After soil from bat caves, LeConte then suggested looking for saltpeter in cellars, stables, livestock pens, and manure heaps. Cellars were a prime source since cities were filthy places where animals constantly pooped and died in the street, and all the filth "oozes through and dries on the walls and floor of the cellars as a whitish crust, easily detectable as saltpeter by the taste," LeConte wrote. He recommended similar taste tests for the "soil beneath stables of several years' standing, particularly if lime or ashes have been used to hasten the decomposition of the manure."


LeConte expected these caves, cellars, and stables to last long enough for domestic production to kick in, being explicit in the fact that "sufficient and permanent supply… can only be done by means of niter-beds."

"The heap is watered every week with the richest kinds of liquid manure, such as urine, dung-water, water of privies, cess-pools [sic], drains, etc."

Niter beds are best viewed as a last resort, because they're absolute hell: shacks with pounded-clay floors, filled to a height of several feet with rotting manure and straw to make the contents porous. Per LeConte, "the heap is watered every week with the richest kinds of liquid manure, such as urine, dung-water, water of privies, cess-pools [sic], drains, etc." After a year of feeding and occasionally turning-over this malodorous monster, the concentration of fixed nitrogen would finally be high enough to process into gunpowder.

The Union didn't have to resort to these drastic measures since it could obtain saltpeter through trade. Shit was still the source of all gunpowder, but indirect methods were far cheaper and less labor (and smell) intensive. Prime international poop sources were the fossilized guano of the Chilean Atacama Desert, or the evaporated flood waters of the monsoon plains in Northern India. Inability to trade was but one of many reasons why the South lost the war.

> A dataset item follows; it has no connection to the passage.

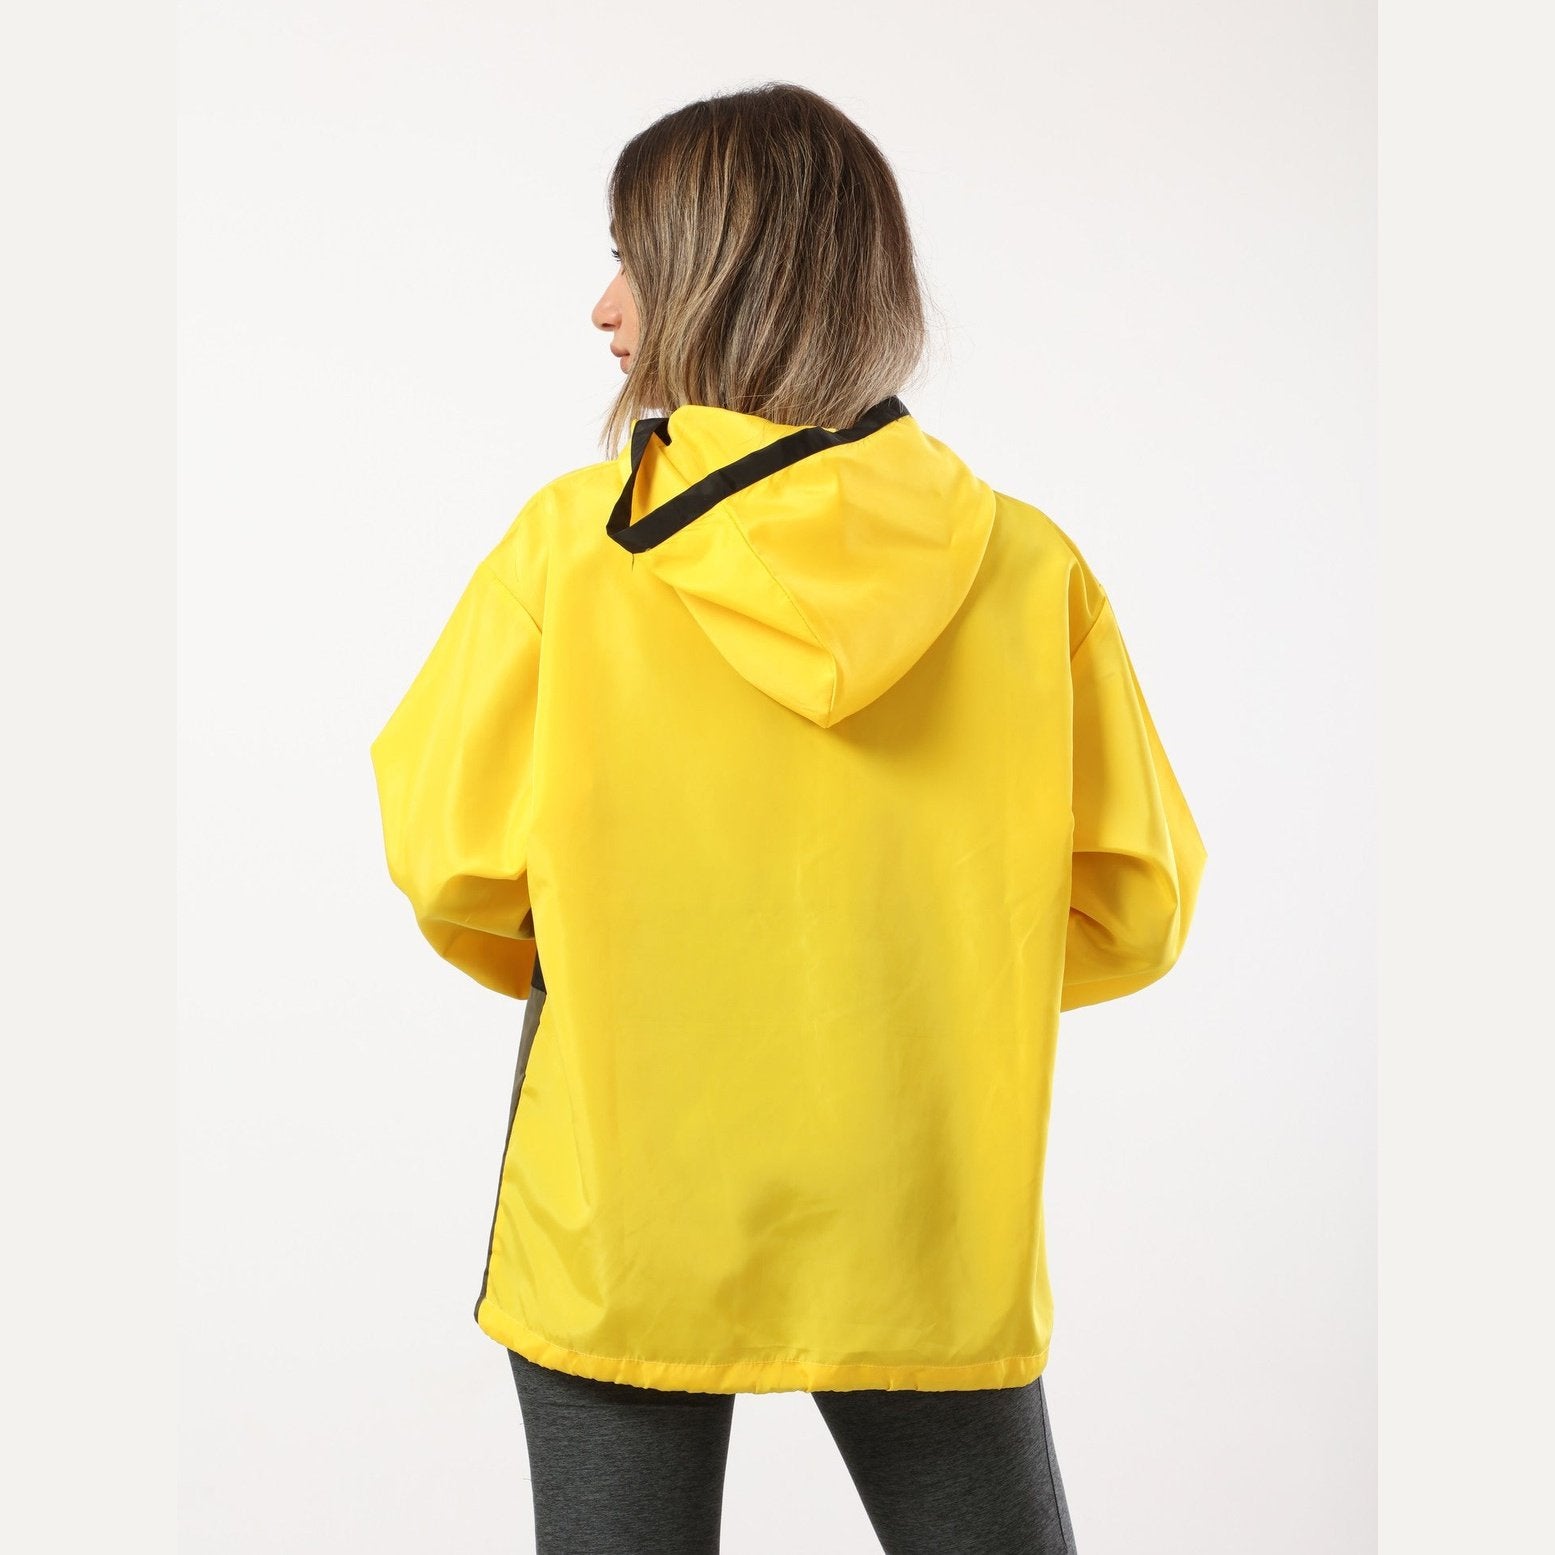 Oversized Yellow Half Zipper Waterproof Jacket - Sporty Pro

Perhaps during Reconstruction, the thought of anyone pooping their way through another revolution seemed so unlikely the Second Amendment remained largely unchanged.


All this business of gunpowder coming from feces petered out around 1910. German chemists Fritz Haber and Carl Bosch, applying the newfound knowledge of chemical equilibrium, figured out how to fix nitrogen directly from the air. The "Haber Bosch process," or just "Haber process," as it came to be called , allowed gunpowder to be mass-produced independently of soil bacteria. This new source of fixed nitrogen also allowed the creation of nearly all the weapons technologies we associate with 20th century warfare. The "nitro" in many explosives such as nitroglycerine, TNT (trinitrotoluene), and C4 (trinitroperhydrotriazine) are all forms of fixed nitrogen, as are many poisonous gases like cyanides—the most famous being Zyklon B—and a few varieties of mustard gas.

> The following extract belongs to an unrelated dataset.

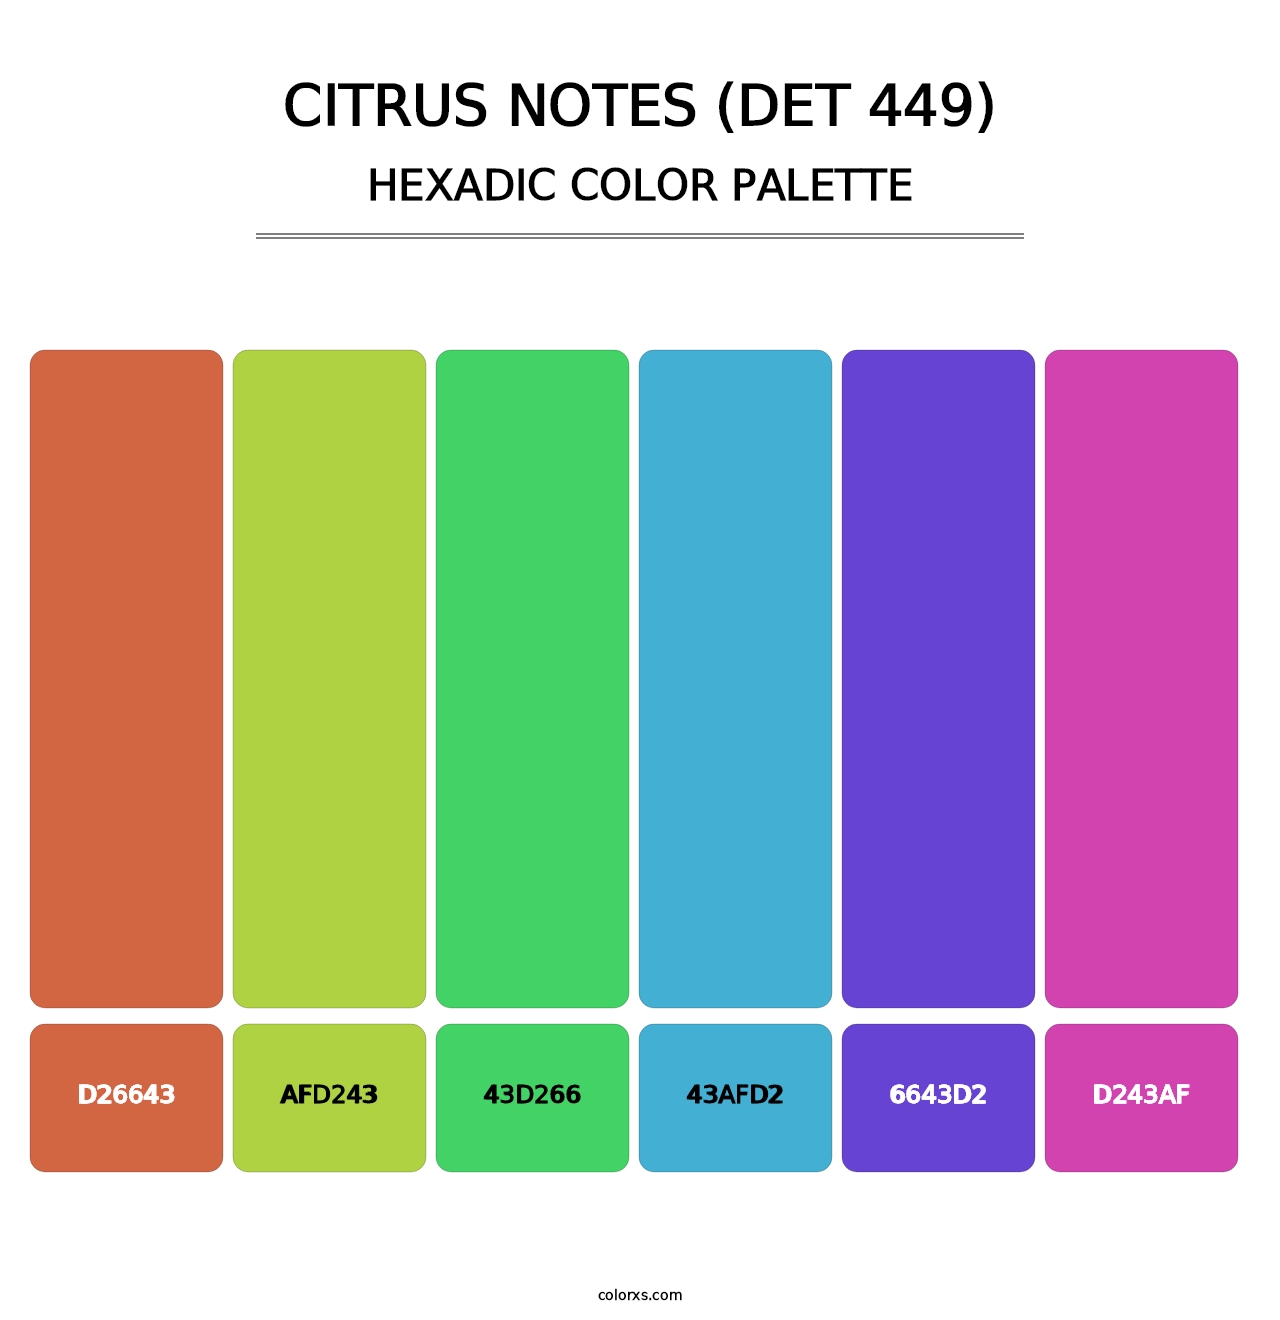 Citrus Notes (DET 449) - Hexadic Color Palette

Today, the Haber process produces around 131 million tons of nitrogen fertilizer a year, and since we eat the plants fertilized directly or indirectly by this technology, nearly 80 percent of the nitrogen present in our bodies is fixed artificially. Not being limited by the fixation rate of soil bacteria, artificial nitrogen fixation has allowed the human population to quadruple in only a century.

It can be argued because of the Haber Process, violent revolution lost its viability as a check on power more than a hundred years ago.

This is by no means the first time a discovery driven by weapons research has been a boon to humanity, but it is by far one of the more striking examples of a combat technology trickling out to society at large. No other technological development leaves behind a legacy so shitty and tempting to forget in the evolution of the modern firearm. After all, the Second Amendment was written when revolution meant arming a militia with poop-powered muskets that could fire only three rounds a minute.